Please return the full listing exactly as written, with the images removed.

§ Data extract
◇ ◇ ◇ ◇ ◇

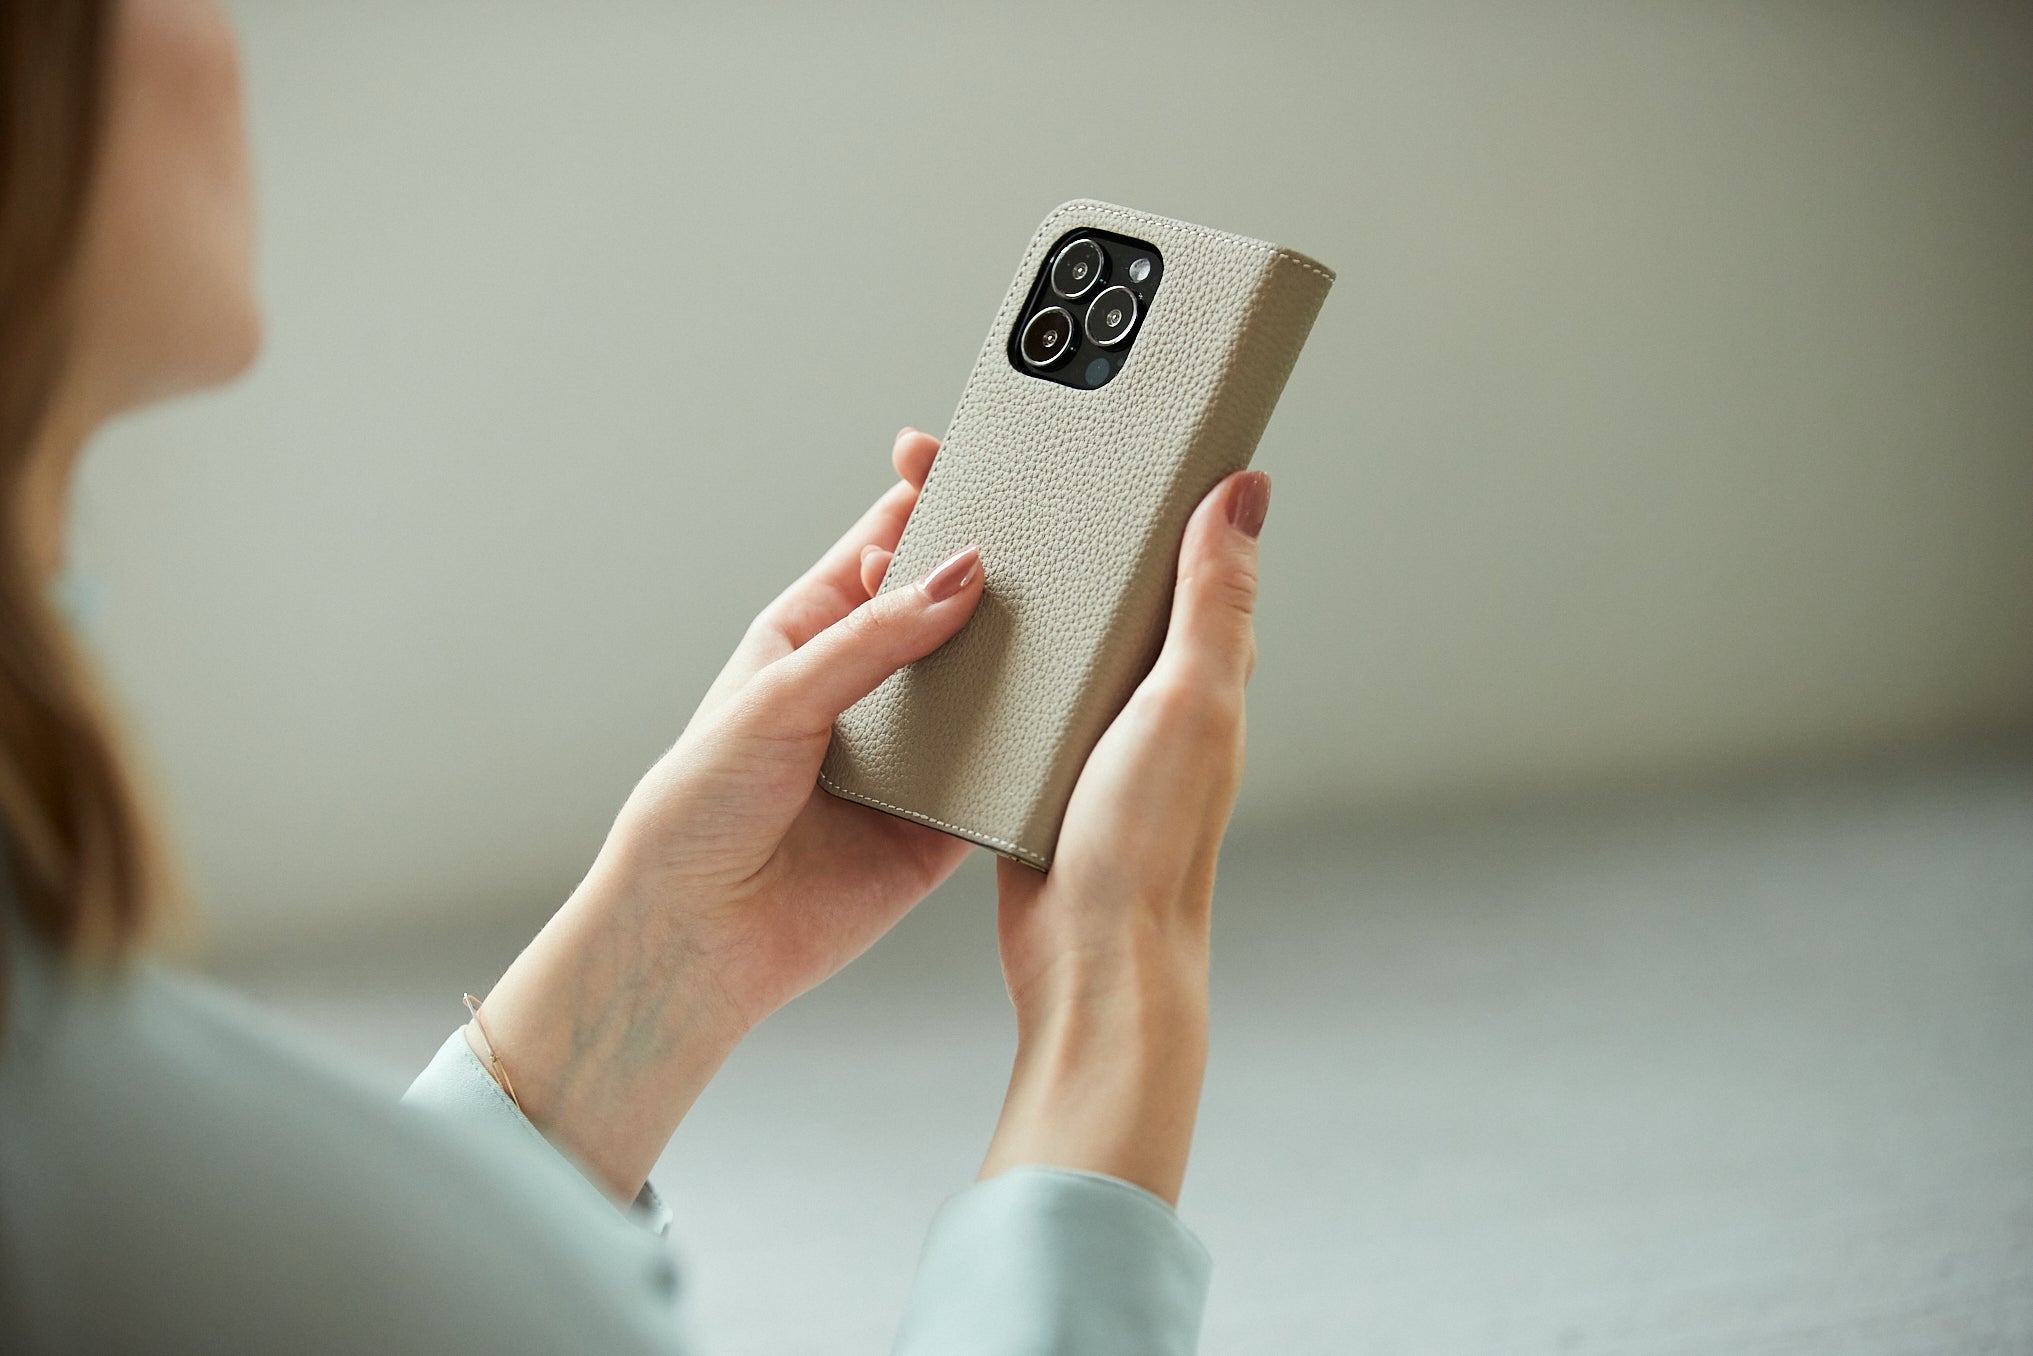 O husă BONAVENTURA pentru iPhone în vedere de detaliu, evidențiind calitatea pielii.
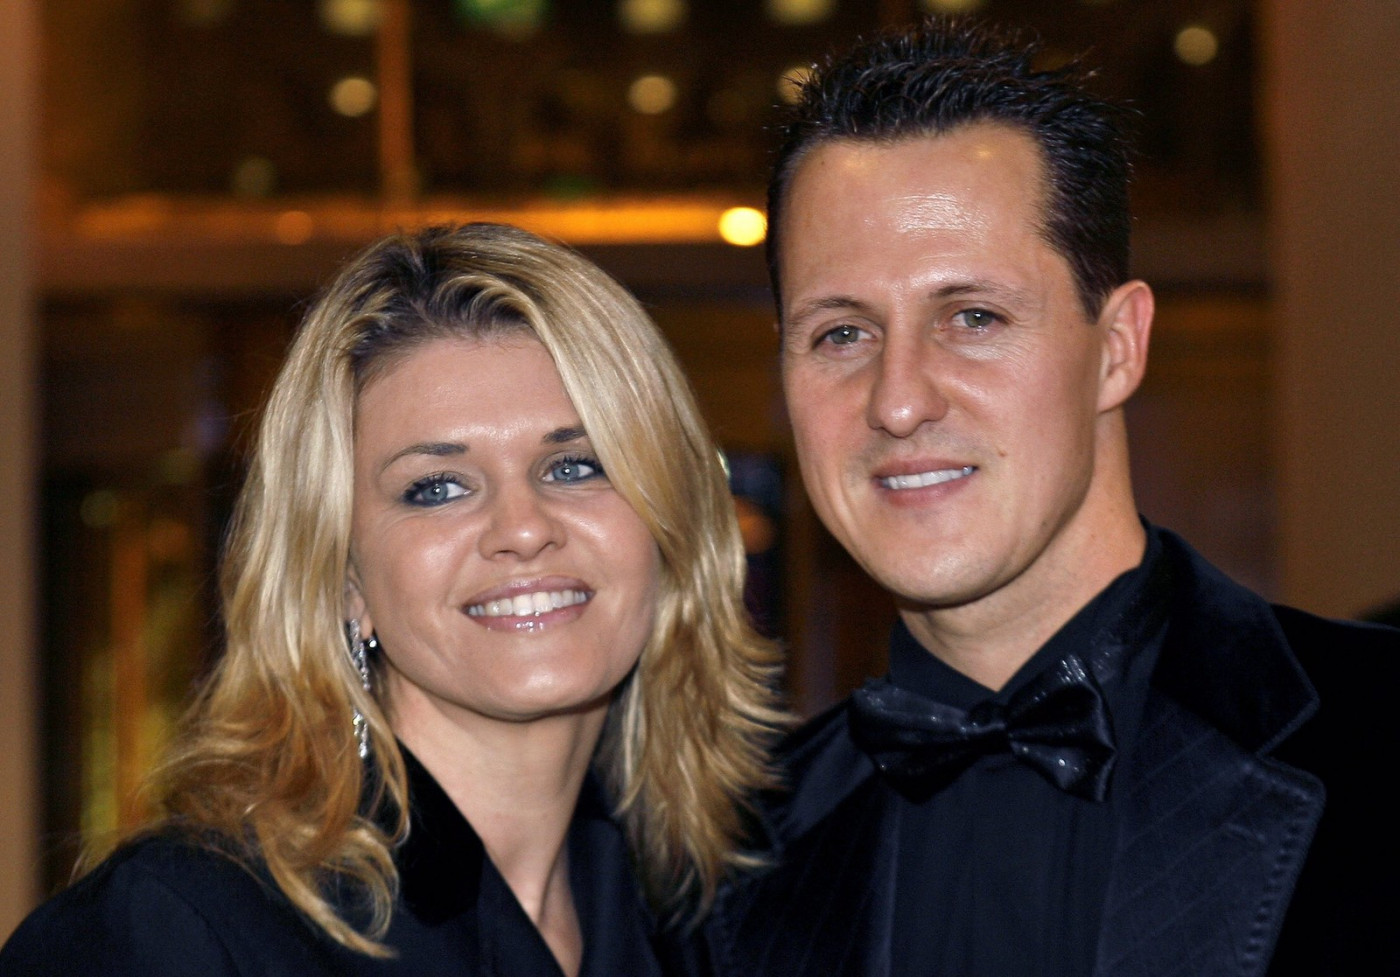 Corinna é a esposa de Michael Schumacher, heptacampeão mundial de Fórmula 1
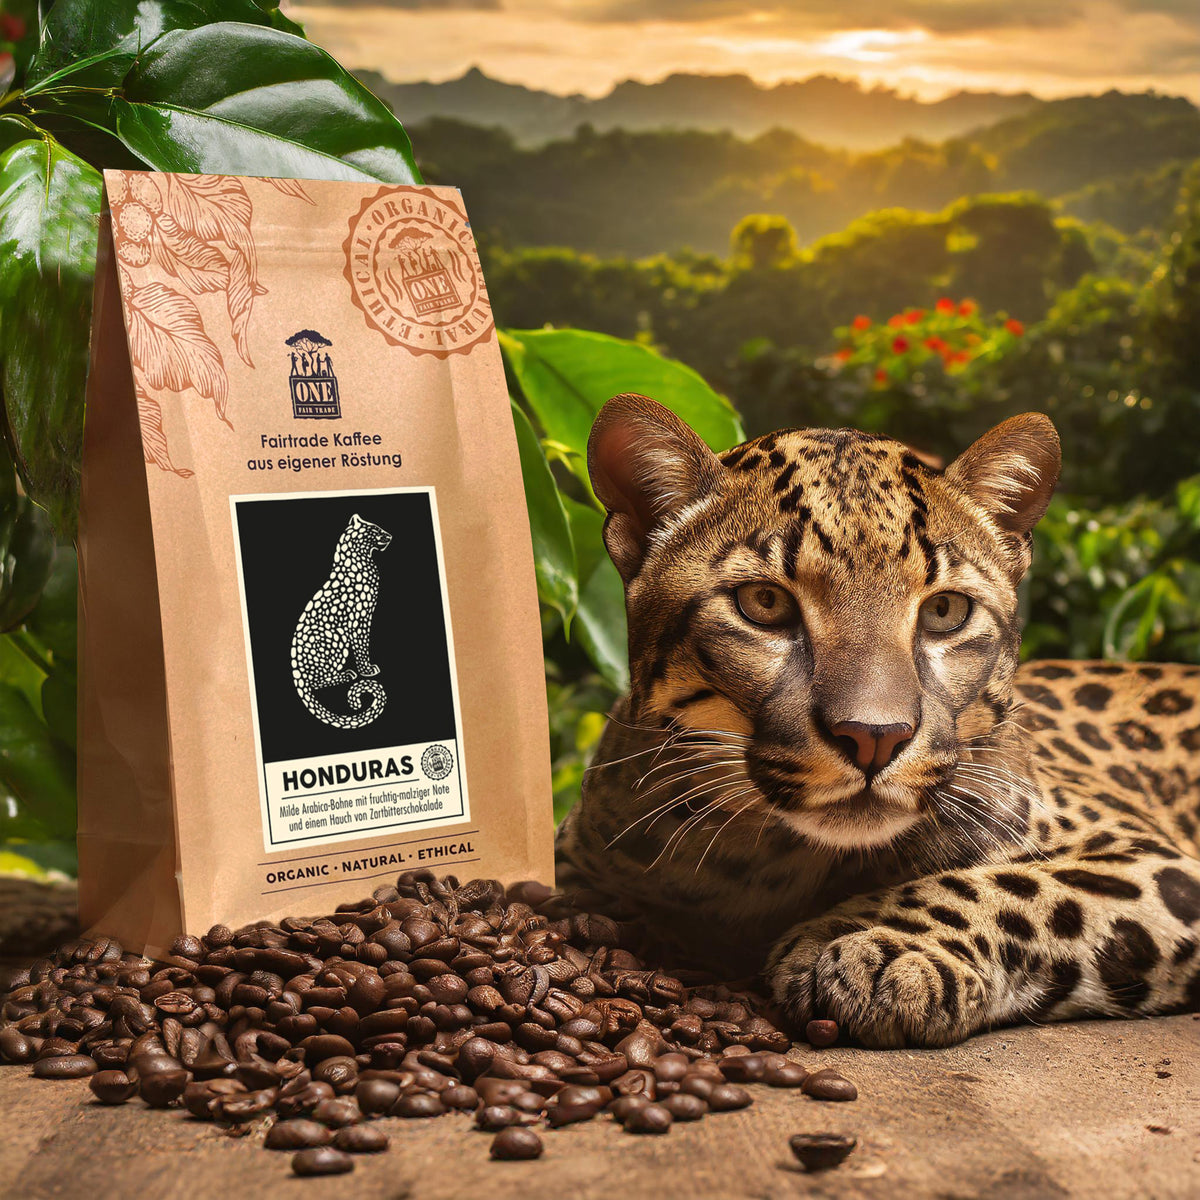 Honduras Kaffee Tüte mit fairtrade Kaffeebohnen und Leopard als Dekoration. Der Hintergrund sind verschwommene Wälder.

◇ ◇ ◇ ◇ ◇

§ Solution to this exercise
 O husă BONAVENTURA pentru iPhone în vedere de detaliu, evidențiind calitatea pielii.
 Corinna é a esposa de Michael Schumacher, heptacampeão mundial de Fórmula 1
 Honduras Kaffee Tüte mit fairtrade Kaffeebohnen und Leopard als Dekoration. Der Hintergrund sind verschwommene Wälder.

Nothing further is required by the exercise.